Su cabello era dorador, recogido en una cola de caballo, pero dejando una trenza en el costado que era decorado por cuencas doradas. De barba desorganizada que llegaba a ser acariciada por el viento. sus ojos de un tono miel brillaban como brasas al contacto con el fuego. Con los cuales observaba atentamente el campo de batalla; su caminar no producía sonido alguno, a diferencia de las armaduras de metal, el llevaba una de cuero intermedia, con correas que llegaban a pasar por su cuerpo. En uno de sus lados, en su cinto, portaba un hacha colgada en un extremo y en el otro una espada corta. Detrás de él, soldados extranjeros los seguían, a diferencia de los saqueadores, caminaban en formación. Solo para detenerse en cuanto llegaron a la posición del coloso.
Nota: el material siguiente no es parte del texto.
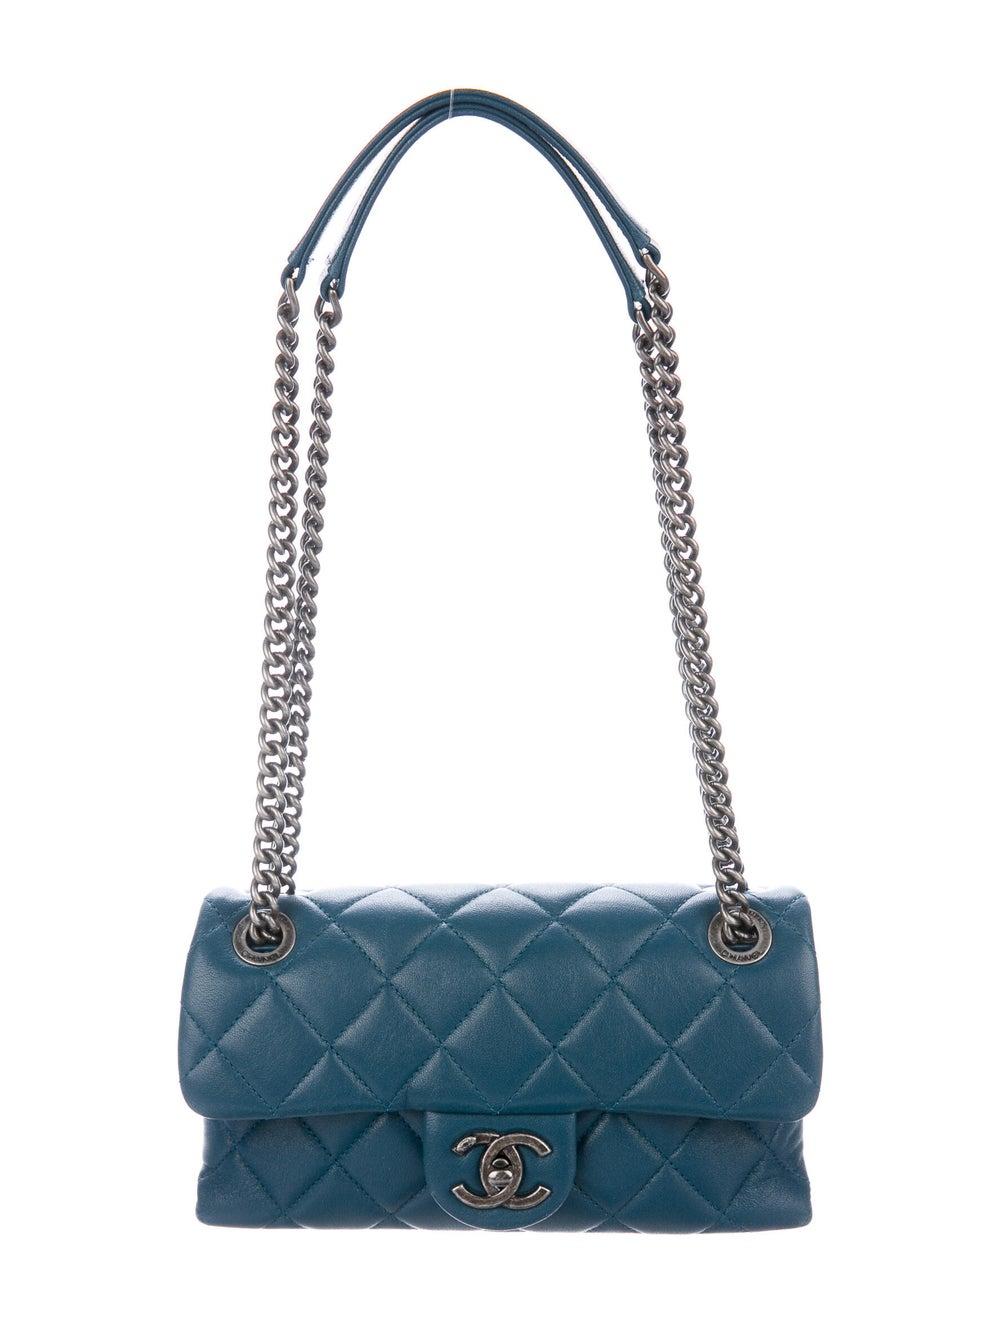 Chanel Small Burgundy Rocks Flap Bag Blue - image 1

—¿Te hirieron? —preguntó en voz baja, en la lengua del continente a diferencia de algunos de los saqueadores que habían gritado en la lengua de los archipiélagos. El gigante asintió con la cabeza recogida en su mandoble
—Nada que no cure el hierro —respondió con voz ronca el guerrero, llevando sus manos hasta el yelmo para dejarlo caer al suelo, al estar de espaldas, tan solo pudieron notar una cabellera rojiza.
Ambos intercambiaron una mirada breve, por el bienestar del otro. El asedio había sido extenso y en el rostro del isleño, la pregunta de cuanto más tomaría, seguía vigente. Ante lo cual, el poso una mano sobre el gigante, bajo la orden que descansara: — Revisad los establos, traed a los hacheros y destruid la puerta, es tiempo de reunirnos con mi hermano.
Al dictar las ordenes, los soldados se dirigieron hacia el interior de los establos, momento en que Elías comenzó a temblar, forcejeando con Aldrich para liberarse. El miedo, que hasta ahora había logrado contenerse, se desbordó. La sangre, los gritos, los cuerpos, la visión del gigante alzando su espada como una guadaña... Todo lo superó.
—¡Padre! —gritó con todas sus fuerzas— ¡Quiero ver a mi padre! — El grito rebotó por los establos como una campana agónica.
Ante lo cual, el isleño levantó la vista. El gigante giró con pesadez, recogiendo su yelmo y colocándose en un solo movimiento. La mezcla de soldados y saqueadores se miraron ante lo oído, pero quien más maldijo lo que sucedía, fue Aldrich. Quien intento evitar que Elías corriera de regresar al interior de la fortaleza, pero ya era tarde. Los invasores habían localizado su posición. Haciendo que el maestro volviera a insultar al heredero. El primero en avanzar fue el isleño, con el hacha desenfundada, haciendo que sus hombres no se adentraran sin su orden. Ese breve espacio de tiempo, Aldrich tomo a Elías y en medio del forcejeo, le entrego una pequeña daga de hoja delgada.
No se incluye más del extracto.